Les stratégies de protection et de prise en charge face à la violence ont intégré les enseignements tirés des processus d’organisation antérieurs. Cela leur a permis de maintenir des réseaux de soutien, de renforcer la confiance entre les personnes et de créer des espaces où exprimer leurs besoins, reconnaître leurs peurs et demander de l’aide. Un fort sentiment d’appartenance à la famille et à la communauté a permis à de nombreuses personnes de surmonter les épreuves les plus difficiles et de rester sur leurs terres.

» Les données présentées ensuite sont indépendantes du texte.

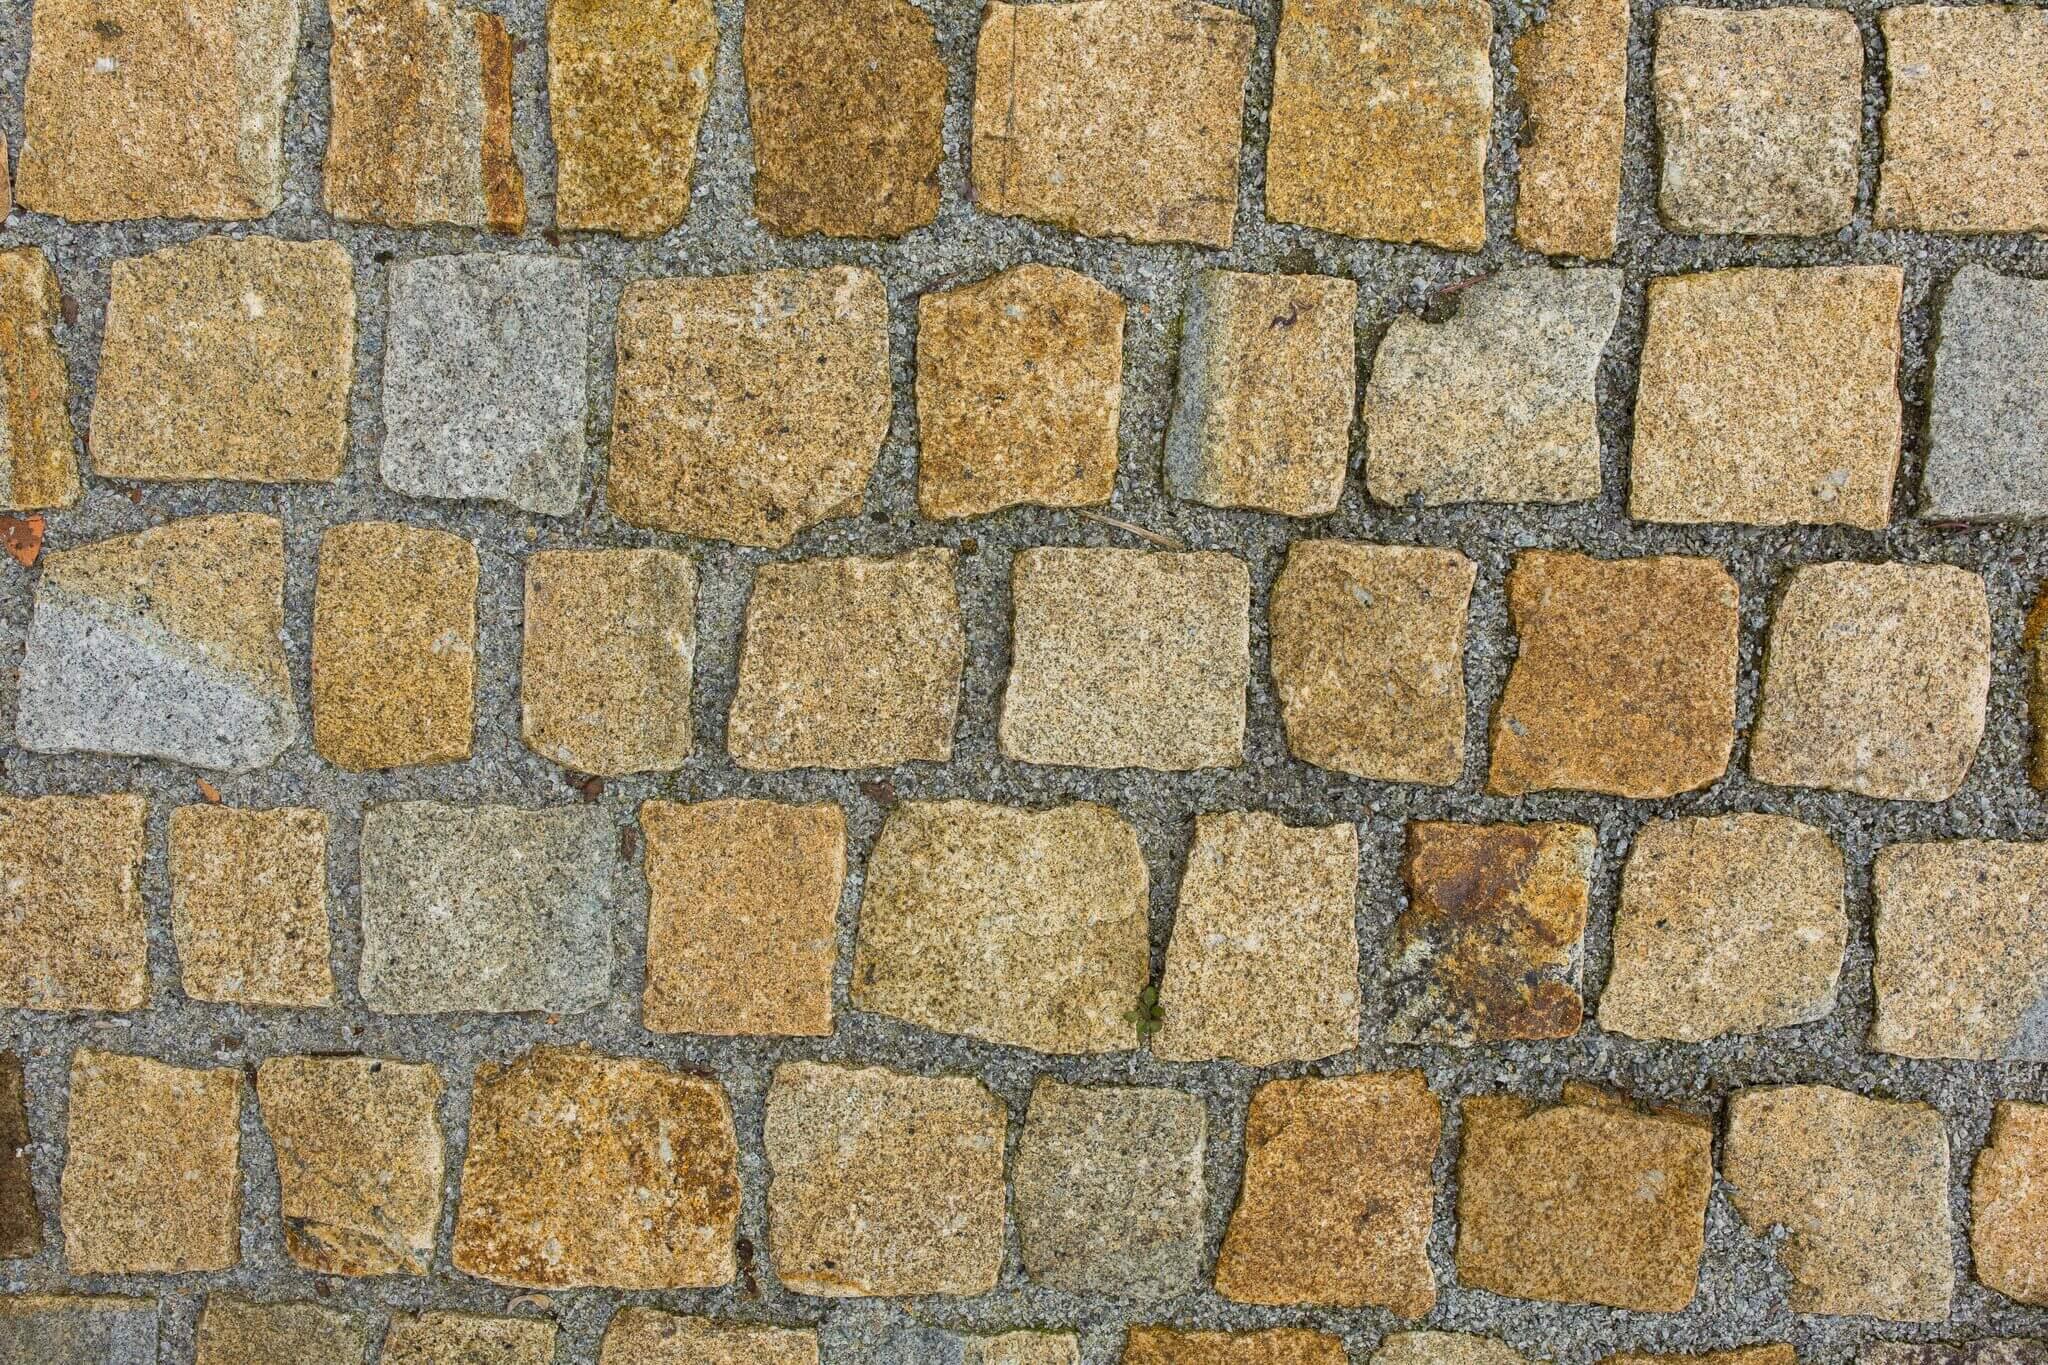 neues granit kleinpflaster   cm regelmaessig

La spiritualité a également été une source de force et d’espoir. Des personnes religieuses sont restées au sein des communautés, apportant aide humanitaire et soutien, et devenant des modèles éthiques pour celles et ceux confrontés à des situations extrêmes. De même, le partage d’informations et l’analyse collective des violences ont permis d’élaborer des stratégies pour poursuivre la vie quotidienne avec prudence, en évitant les représailles tout en maintenant le soutien de la communauté.
Durant les périodes les plus violentes, les modes de communication ont évolué. Face aux risques liés à la prise de parole en public, le dialogue est devenu plus discret et personnalisé, entre personnes de confiance et dans des espaces quotidiens. L’éducation et l’exemple donnés aux enfants et aux jeunes ont également pris une importance croissante, car de nombreuses familles pensent que cela influencera leur décision de rester dans la région ou de chercher un avenir ailleurs.
Malgré des perceptions divergentes du présent, nombreux sont ceux qui gardent espoir en un avenir différent. Par de petits changements dans leur vie quotidienne et familiale, ils cherchent à reconstruire le tissu social et à renforcer l’organisation communautaire. Pour ces communautés, retrouver l’unité, connaître leurs droits et œuvrer collectivement sont des étapes fondamentales pour rétablir la paix et bâtir de meilleures conditions de vie pour les générations futures.
« Pour ces communautés, retrouver l’unité, connaître leurs droits et œuvrer collectivement sont des étapes fondamentales pour rétablir la paix et bâtir de meilleures conditions de vie pour les générations futures. »
« Les relations sociales d’interdépendance qui se sont maintenues au fil du temps dans divers espaces tels que les églises, les terres communales, les communautés et les familles permettent d’identifier différentes manières de faire face à la violence et offrent également une perspective d’avenir fondée sur des valeurs communautaires telles que le respect de la vie et une conscience critique du système politique actuel qui a permis les récentes violences dans la région. Dans ce contexte, l’avenir repose sur le travail avec les jeunes et les enfants afin de former des générations capables de valoriser la communauté et d’œuvrer pour le bien commun. Cela représente un grand défi, mais aussi une nécessité », indique le rapport.